Besser ist es, du besorgst dir vernünftige K2 (so um die 350-400g/Stück), die du Mitte April bis Anfang Mai besetzt dann kannst du schon im Herbst gute Fische ernten...

#h


----------



## damdam05 (9. August 2008)

*AW: Wie schnell wachsen Karpfen?*

Hallo,

der Teich ist im Schnitt 1,5 m tief. Wieviele K1 oder K2 würdert Ihr mir empfehlen?


----------



## raffaelo35 (9. August 2008)

*AW: Wie schnell wachsen Karpfen?*

Man sagt ohne zusatzliche fütterung bei einer ertragsklasse 1 kann man an die 500 K2 auf einen hektar setzen. Wenn du aber zusätzlich noch die naturnahrung förderst dann würde auch mehr gehen. In deinem falle würde ich sagen 900 gm = 50 K2. Wenn du beifüfferst also noch zusatznahrung einbringst dann könntest du auch etwas mehr setzen. Vorraussetzung ist aber eine gute teichpflege. Was wichtig ist ist auch  der sauerstoffwert  in deinem weiher...am besten früh um 3 -4  Uhr messen da sind die werte am geringsten. Was auch wichtig ist regelmäßiges kalken des weihers. Da dein weiher 1.5 meter tief ist solltest du das bodenwasser abziehen damit du eine gute wärme im weiher hast. Karpfen lieben es warm. ein beispiel aus israel: die produzieren speisefähige karpfen innerhalb von 12 monaten. Ich habe mal einen versuch unternommen was geht an maximalen besatz und minimale fläche.

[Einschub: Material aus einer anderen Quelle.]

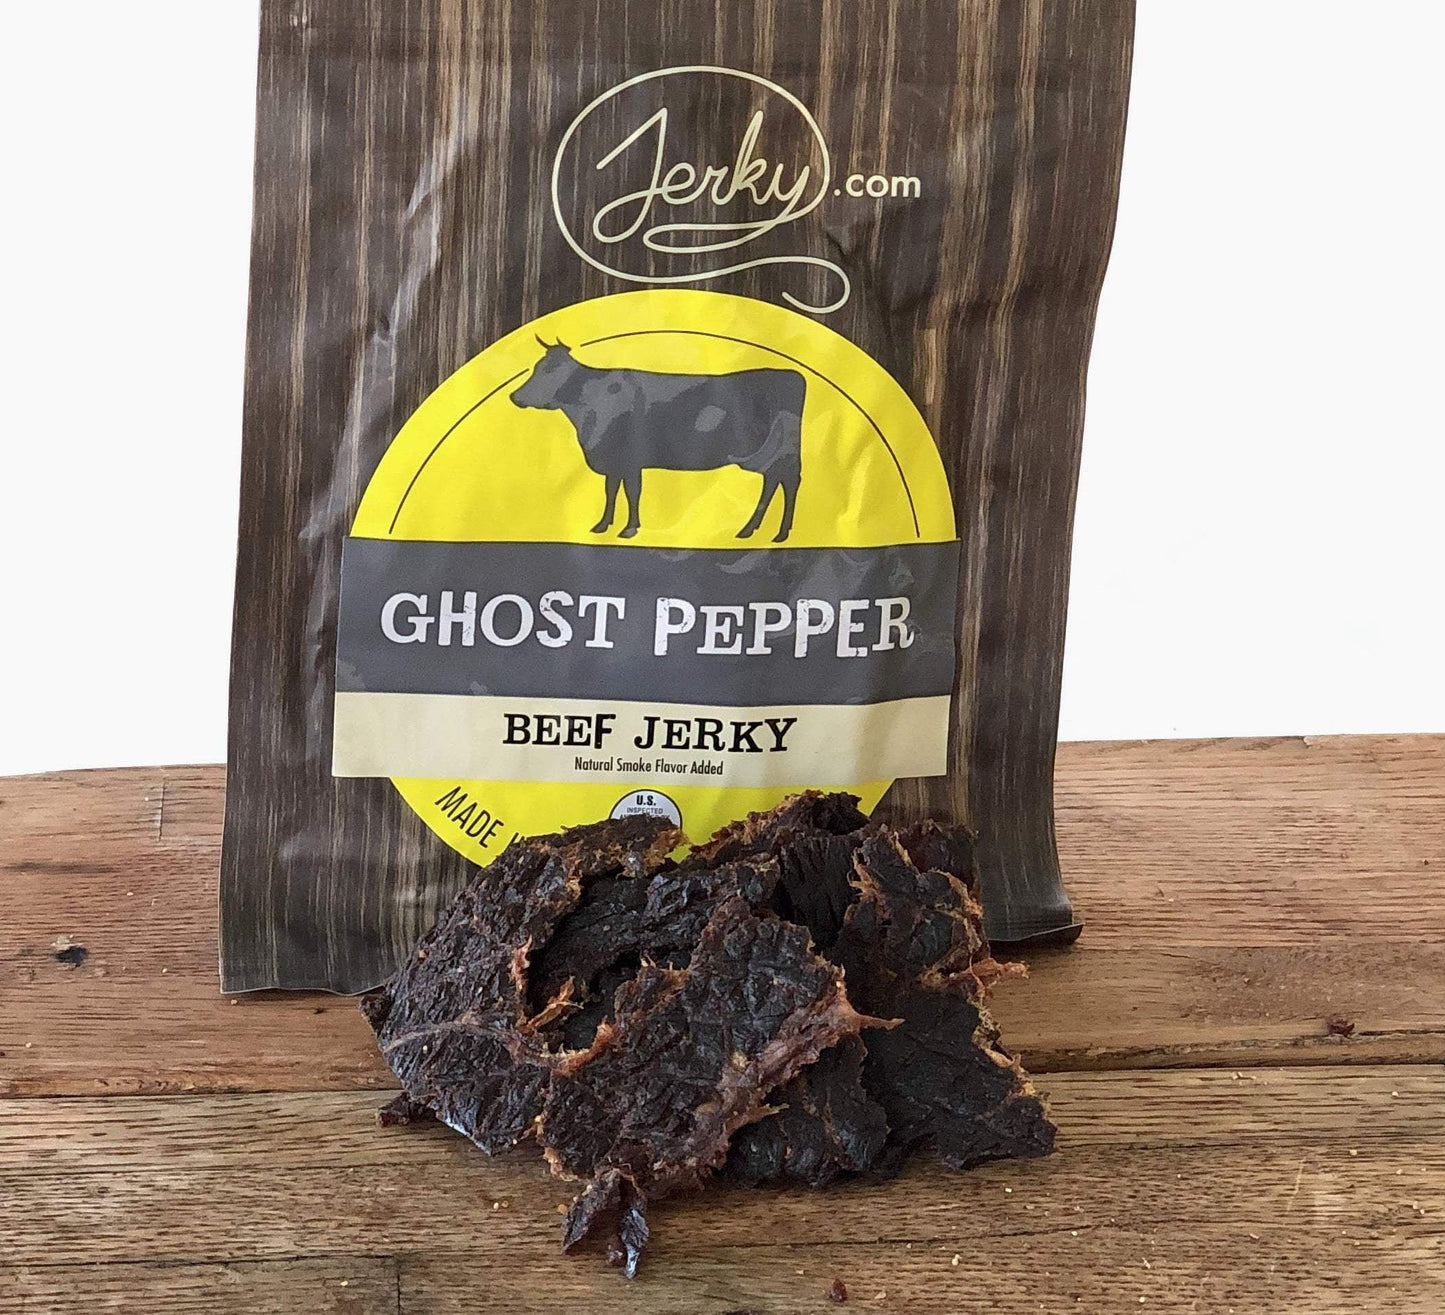 All-Natural Beef Jerky - Ghost Pepper by Jerky.com

Fläche war 5000 gm - besatz war 5000 K2 mit einem stückgewicht 250gr - 280 gr. Es wurde die naturnahrung extrem gefördert. Es wurde täglich mit getreide gefüttert. Die sauerstoffwerte wurden bestmöglich gehalten.
Ergebnis war am ende des jahres. Abfischgewicht das stück zwischen 1300 gr - 1500 gr. Verlust 11 Fische durch frühlingsvirämie.

.

raffaelo


----------



## Fischpaule (9. August 2008)

*AW: Wie schnell wachsen Karpfen?*



raffaelo35 schrieb:


> Fläche war 5000 gm - besatz war 5000 K2 mit einem stückgewicht 250gr - 280 gr. Es wurde die naturnahrung extrem gefördert. Es wurde täglich mit getreide gefüttert. Die sauerstoffwerte wurden bestmöglich gehalten.
> Ergebnis war am ende des jahres. Abfischgewicht das stück zwischen 1300 gr - 1500 gr. Verlust 11 Fische durch frühlingsvigrämie.
> 
> raffaelo



Moin raffaelo

Ich hatte gerade mächtig zu tun, mir den Bären von der Schulter zu schupsen, den du uns hier versuchst aufzubinden...

ich nehme mal an, dass du mit "gm" eigentlich "qm" meinst und damit m²
Und nun willst du uns erzählen, das du 7Tonnen, also 14 Tonnen/ha  aus deinem Teich abgefischt hast und das ganze auch noch mit Getreidezufütterung und zur Krönung noch eine geradezu fabelhafte Verlustquote von 0,22% ? - dies ist in einem freien Teich nicht möglich, auch nicht in Israel, obwohl da die Bedingungen als ideal gelten.
Bitte nehme es mir bitte nicht übel, dass ich dich auf Grund dieser Aussage auch in Zukunft nicht ernst nehmen kann...
Vielleicht hast du ja noch was zur Aufklärung beizutragen (aber bitte keine neuen Märchen), dann tue das...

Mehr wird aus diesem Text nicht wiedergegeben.